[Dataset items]
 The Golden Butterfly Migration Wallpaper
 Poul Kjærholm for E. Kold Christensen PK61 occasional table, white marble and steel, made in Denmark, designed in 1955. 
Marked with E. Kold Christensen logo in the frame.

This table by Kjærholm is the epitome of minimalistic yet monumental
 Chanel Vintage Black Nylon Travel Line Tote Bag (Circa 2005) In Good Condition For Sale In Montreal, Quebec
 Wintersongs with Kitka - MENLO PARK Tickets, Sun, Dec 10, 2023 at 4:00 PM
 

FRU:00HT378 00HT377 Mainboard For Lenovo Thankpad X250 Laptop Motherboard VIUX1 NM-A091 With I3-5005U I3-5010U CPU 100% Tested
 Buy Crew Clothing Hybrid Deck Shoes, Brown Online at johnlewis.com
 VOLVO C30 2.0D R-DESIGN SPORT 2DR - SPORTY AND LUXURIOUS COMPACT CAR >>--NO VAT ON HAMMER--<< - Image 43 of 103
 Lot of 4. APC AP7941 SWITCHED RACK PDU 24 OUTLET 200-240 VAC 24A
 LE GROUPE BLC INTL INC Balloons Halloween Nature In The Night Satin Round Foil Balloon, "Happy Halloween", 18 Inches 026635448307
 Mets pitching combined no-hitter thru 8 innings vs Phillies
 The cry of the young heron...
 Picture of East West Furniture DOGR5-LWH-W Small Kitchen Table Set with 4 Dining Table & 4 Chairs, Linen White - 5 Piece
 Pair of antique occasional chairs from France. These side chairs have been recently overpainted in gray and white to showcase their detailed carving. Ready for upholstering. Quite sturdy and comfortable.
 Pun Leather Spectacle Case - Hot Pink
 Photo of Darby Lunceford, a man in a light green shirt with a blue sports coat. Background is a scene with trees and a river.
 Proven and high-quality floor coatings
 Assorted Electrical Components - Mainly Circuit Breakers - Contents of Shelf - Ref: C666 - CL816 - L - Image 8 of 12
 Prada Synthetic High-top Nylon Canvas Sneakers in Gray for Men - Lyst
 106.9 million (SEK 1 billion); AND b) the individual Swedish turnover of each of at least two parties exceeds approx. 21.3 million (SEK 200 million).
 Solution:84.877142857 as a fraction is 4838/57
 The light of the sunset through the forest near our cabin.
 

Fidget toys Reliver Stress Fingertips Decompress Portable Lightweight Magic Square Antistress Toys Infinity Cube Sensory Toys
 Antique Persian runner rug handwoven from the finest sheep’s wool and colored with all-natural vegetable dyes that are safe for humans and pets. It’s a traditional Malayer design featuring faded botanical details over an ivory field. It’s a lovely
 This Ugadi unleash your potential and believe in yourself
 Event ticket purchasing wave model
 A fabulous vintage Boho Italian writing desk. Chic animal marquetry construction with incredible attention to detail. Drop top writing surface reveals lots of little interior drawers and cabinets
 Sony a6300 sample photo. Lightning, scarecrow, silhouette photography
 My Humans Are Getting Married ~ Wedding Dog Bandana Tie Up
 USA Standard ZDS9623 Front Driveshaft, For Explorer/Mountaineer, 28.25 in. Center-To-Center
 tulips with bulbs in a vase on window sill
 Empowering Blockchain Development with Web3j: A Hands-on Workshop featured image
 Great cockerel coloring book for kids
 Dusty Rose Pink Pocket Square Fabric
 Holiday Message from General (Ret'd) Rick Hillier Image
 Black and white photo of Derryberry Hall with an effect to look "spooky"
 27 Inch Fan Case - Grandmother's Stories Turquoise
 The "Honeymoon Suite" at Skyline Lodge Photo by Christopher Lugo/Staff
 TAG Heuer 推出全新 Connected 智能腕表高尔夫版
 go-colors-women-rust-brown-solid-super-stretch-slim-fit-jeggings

WHAT IS EXPECTED: For this exercise, output exactly the lines above from the line with "Chanel Vintage Black" to the line with "Fidget toys Reliver", counting both, and leave out the rest.

ANSWER FOR THIS EXERCISE:
 Chanel Vintage Black Nylon Travel Line Tote Bag (Circa 2005) In Good Condition For Sale In Montreal, Quebec
 Wintersongs with Kitka - MENLO PARK Tickets, Sun, Dec 10, 2023 at 4:00 PM
 

FRU:00HT378 00HT377 Mainboard For Lenovo Thankpad X250 Laptop Motherboard VIUX1 NM-A091 With I3-5005U I3-5010U CPU 100% Tested
 Buy Crew Clothing Hybrid Deck Shoes, Brown Online at johnlewis.com
 VOLVO C30 2.0D R-DESIGN SPORT 2DR - SPORTY AND LUXURIOUS COMPACT CAR >>--NO VAT ON HAMMER--<< - Image 43 of 103
 Lot of 4. APC AP7941 SWITCHED RACK PDU 24 OUTLET 200-240 VAC 24A
 LE GROUPE BLC INTL INC Balloons Halloween Nature In The Night Satin Round Foil Balloon, "Happy Halloween", 18 Inches 026635448307
 Mets pitching combined no-hitter thru 8 innings vs Phillies
 The cry of the young heron...
 Picture of East West Furniture DOGR5-LWH-W Small Kitchen Table Set with 4 Dining Table & 4 Chairs, Linen White - 5 Piece
 Pair of antique occasional chairs from France. These side chairs have been recently overpainted in gray and white to showcase their detailed carving. Ready for upholstering. Quite sturdy and comfortable.
 Pun Leather Spectacle Case - Hot Pink
 Photo of Darby Lunceford, a man in a light green shirt with a blue sports coat. Background is a scene with trees and a river.
 Proven and high-quality floor coatings
 Assorted Electrical Components - Mainly Circuit Breakers - Contents of Shelf - Ref: C666 - CL816 - L - Image 8 of 12
 Prada Synthetic High-top Nylon Canvas Sneakers in Gray for Men - Lyst
 106.9 million (SEK 1 billion); AND b) the individual Swedish turnover of each of at least two parties exceeds approx. 21.3 million (SEK 200 million).
 Solution:84.877142857 as a fraction is 4838/57
 The light of the sunset through the forest near our cabin.
 

Fidget toys Reliver Stress Fingertips Decompress Portable Lightweight Magic Square Antistress Toys Infinity Cube Sensory Toys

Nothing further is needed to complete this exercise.